* INSTRUCTIONS FOR THE TASK
Leave the pictures out. Return all other data exactly.

* THE DATA

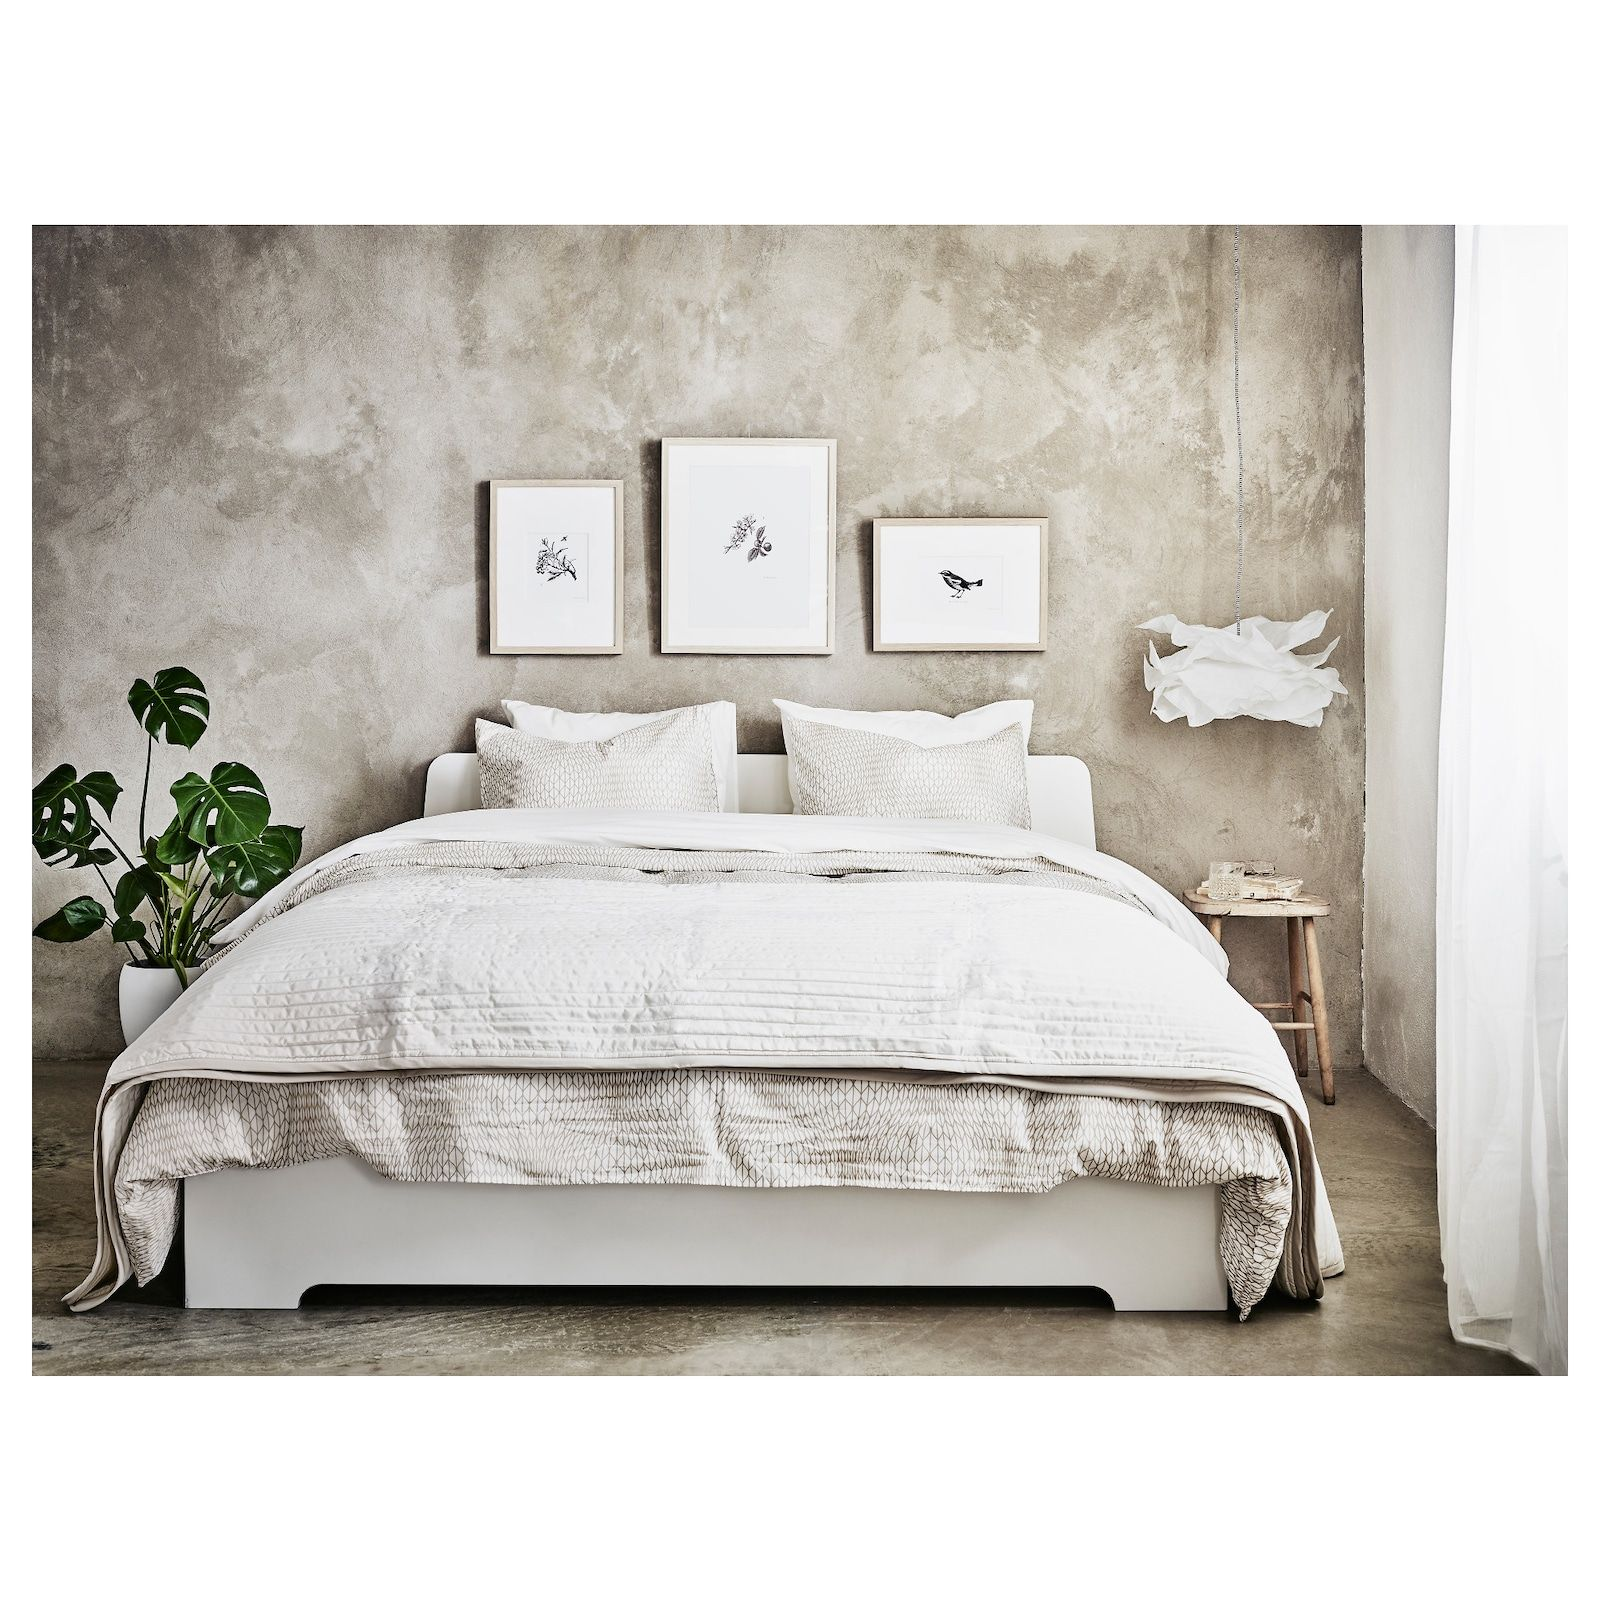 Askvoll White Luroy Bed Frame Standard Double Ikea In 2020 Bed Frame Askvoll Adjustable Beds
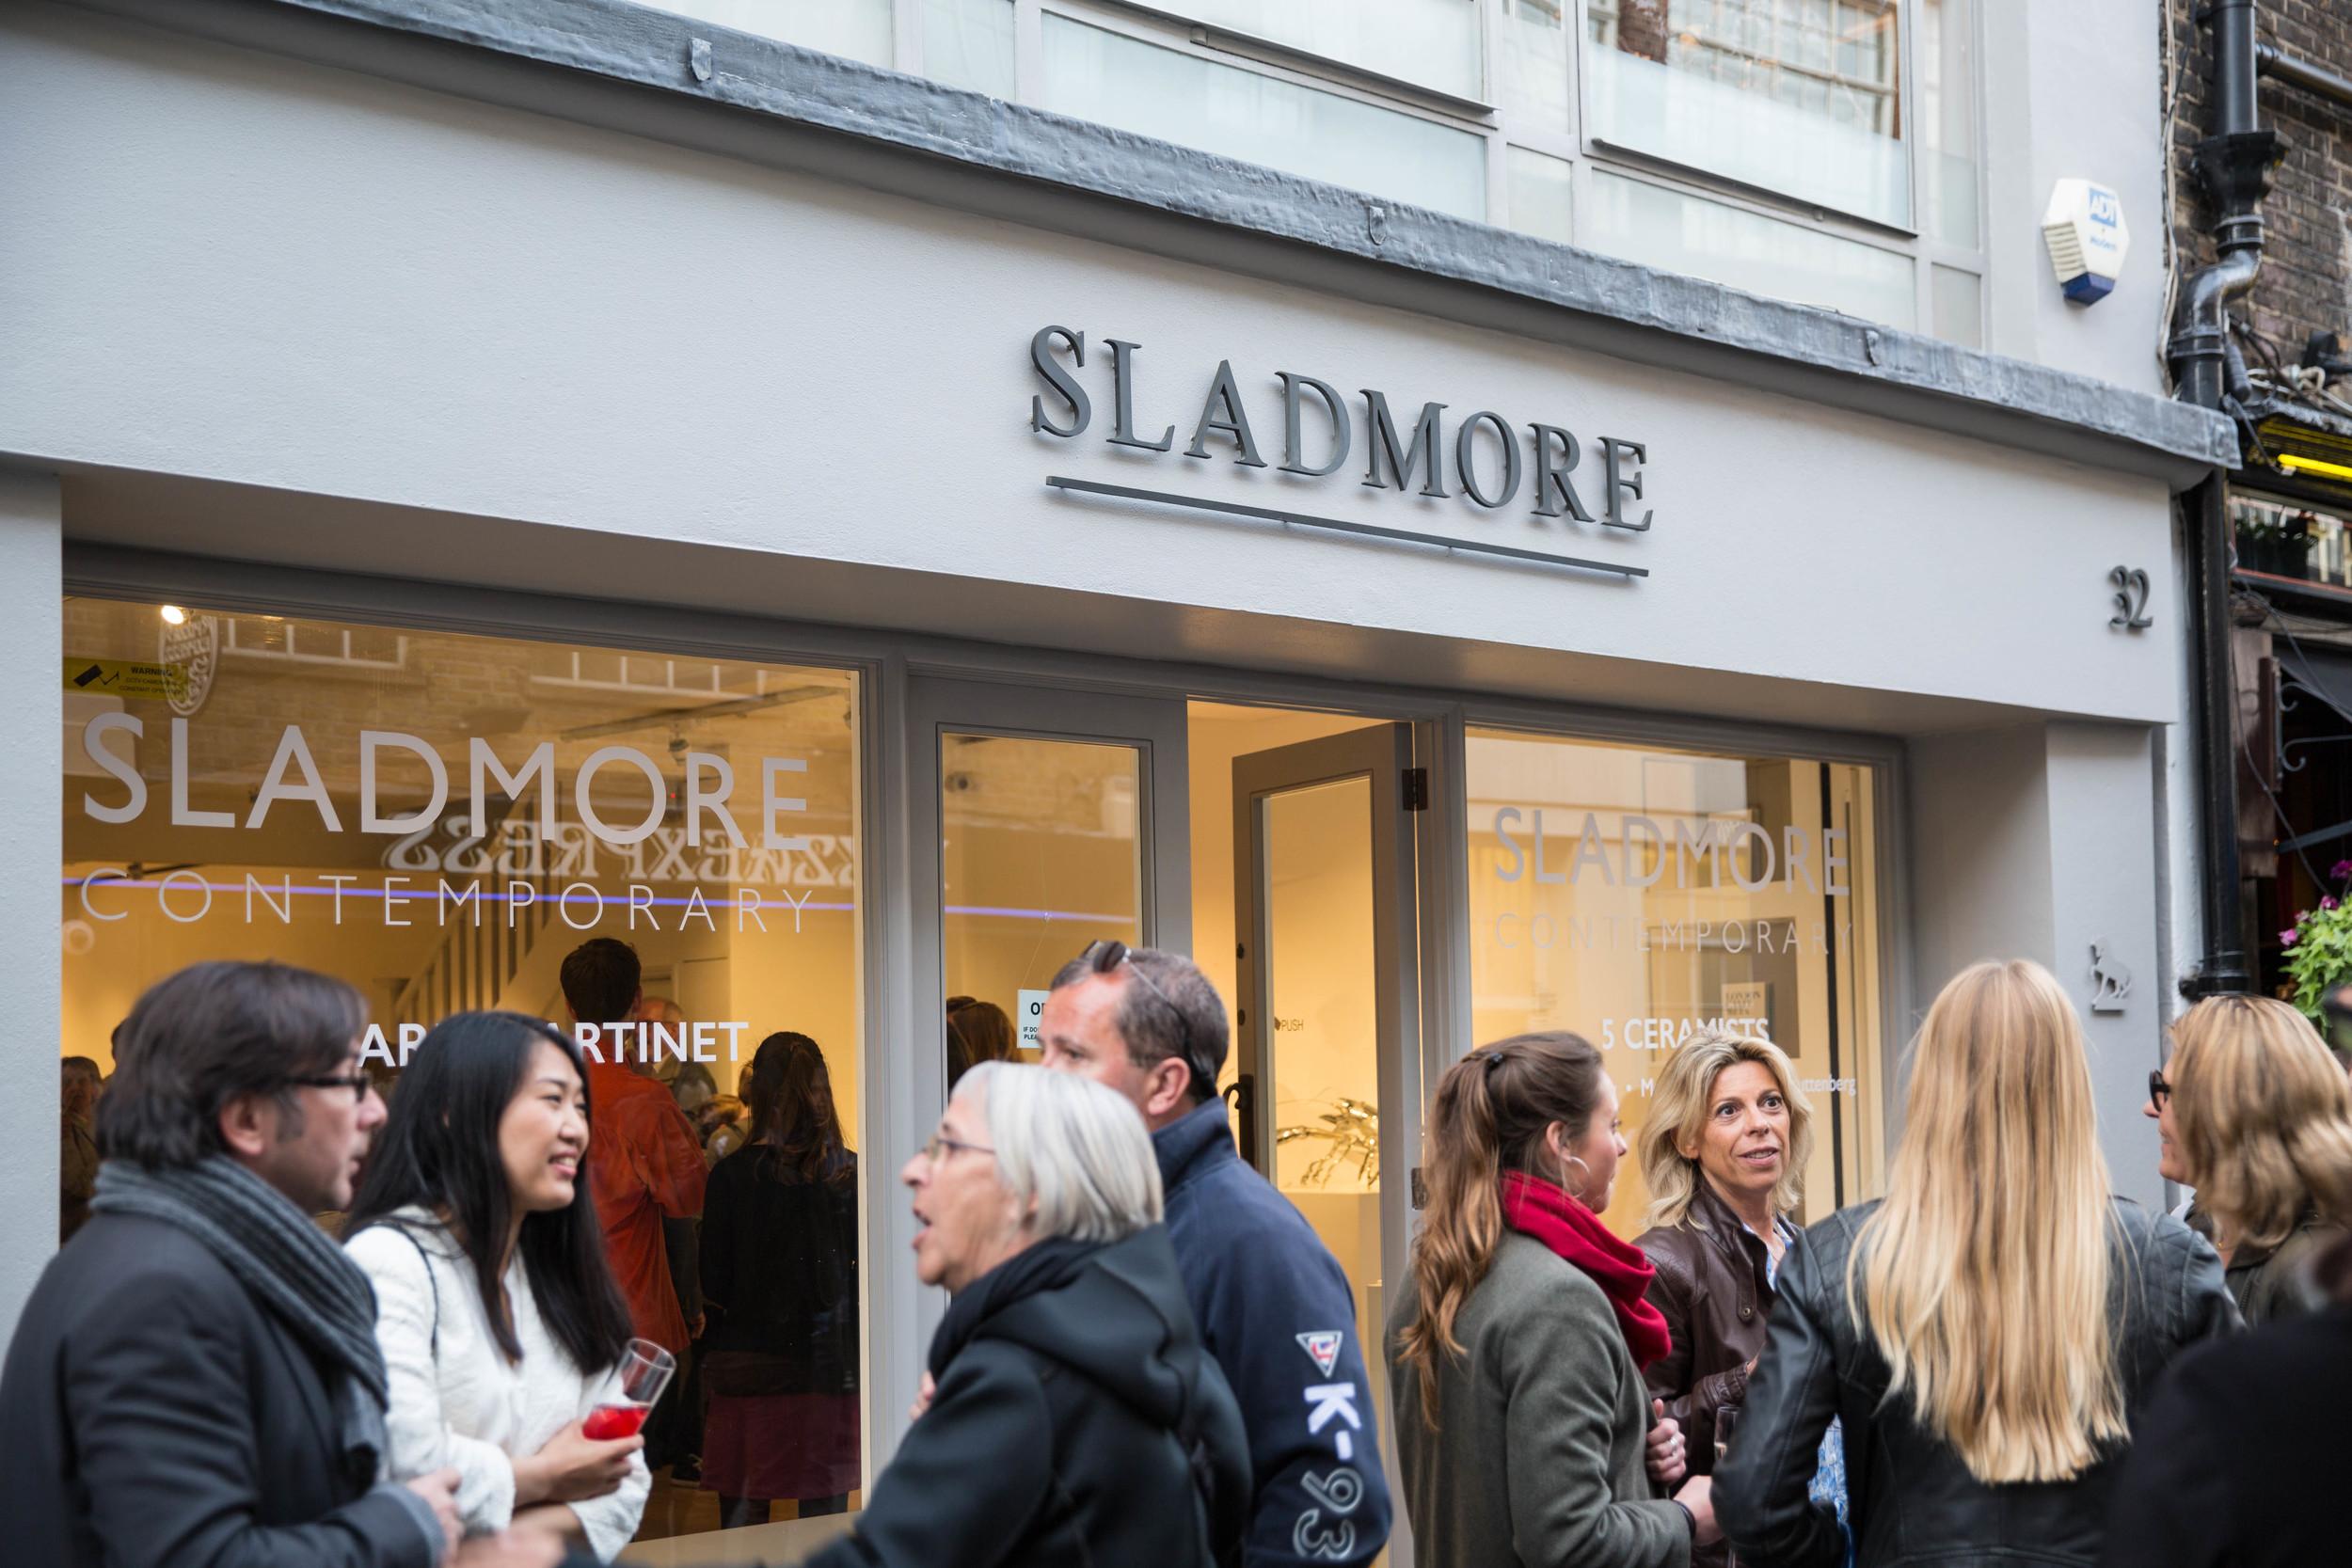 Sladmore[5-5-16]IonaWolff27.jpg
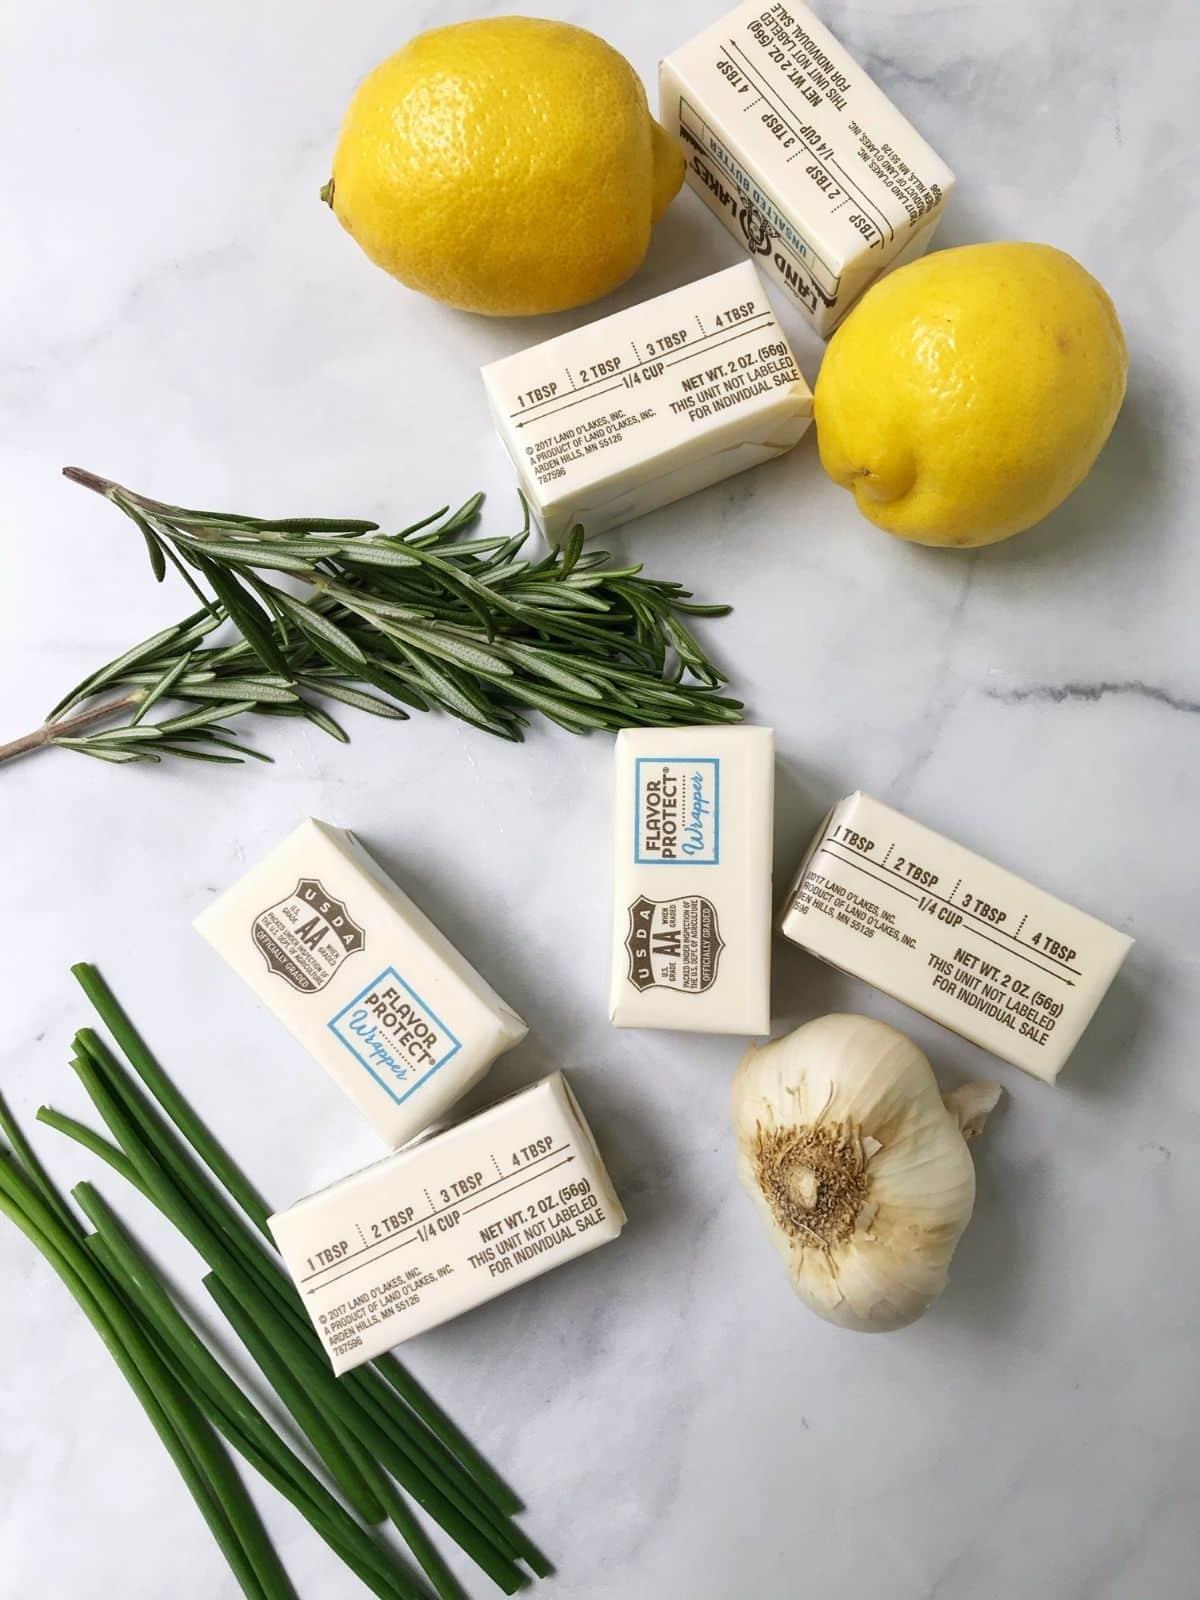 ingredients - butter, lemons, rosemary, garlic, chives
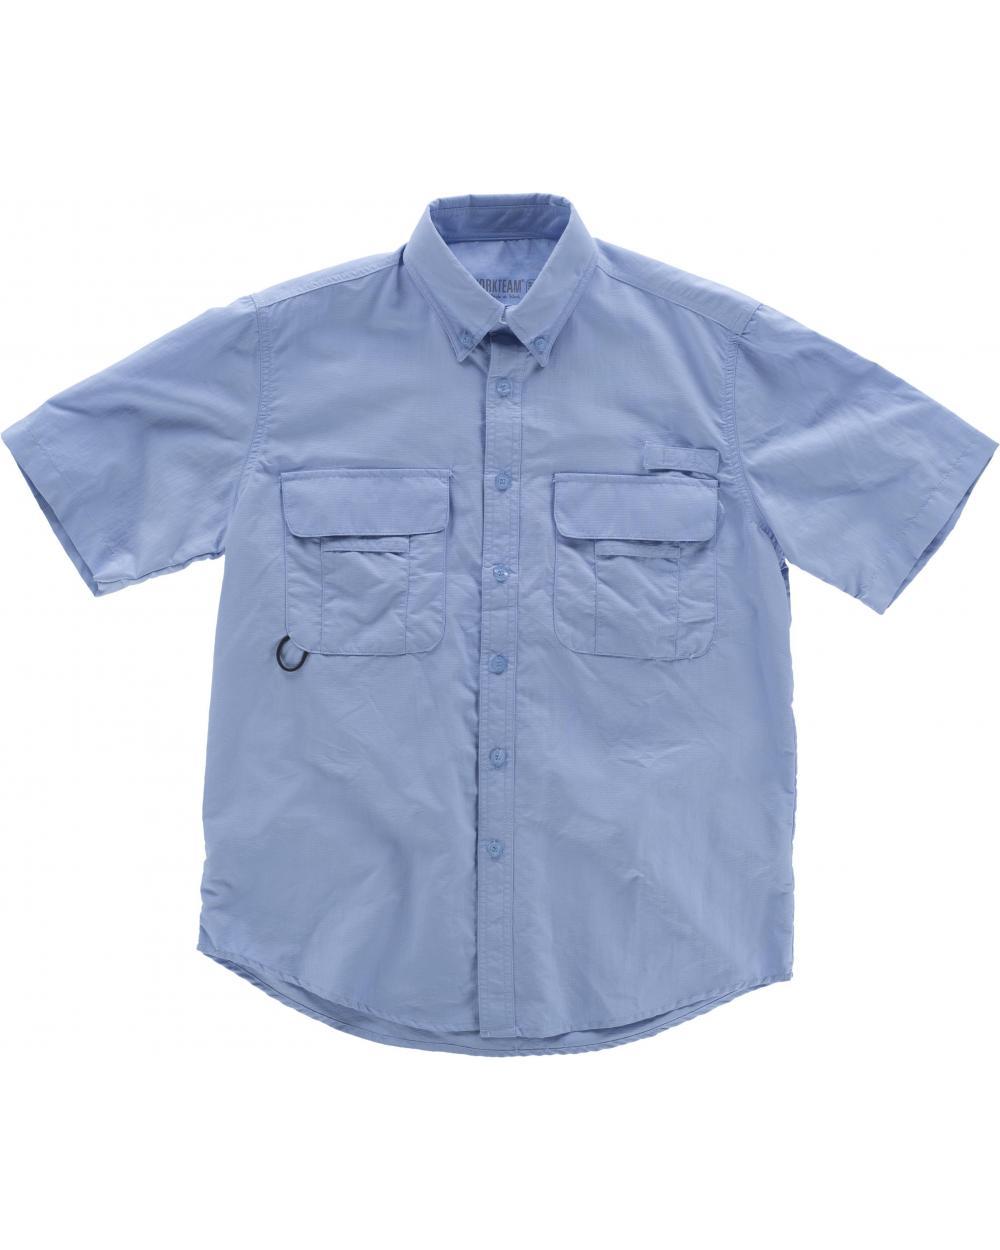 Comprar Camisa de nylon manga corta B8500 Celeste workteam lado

* PROBLEM SOLUTION
 Askvoll White Luroy Bed Frame Standard Double Ikea In 2020 Bed Frame Askvoll Adjustable Beds
 Sladmore[5-5-16]IonaWolff27.jpg
 ingredients - butter, lemons, rosemary, garlic, chives
 Comprar Camisa de nylon manga corta B8500 Celeste workteam lado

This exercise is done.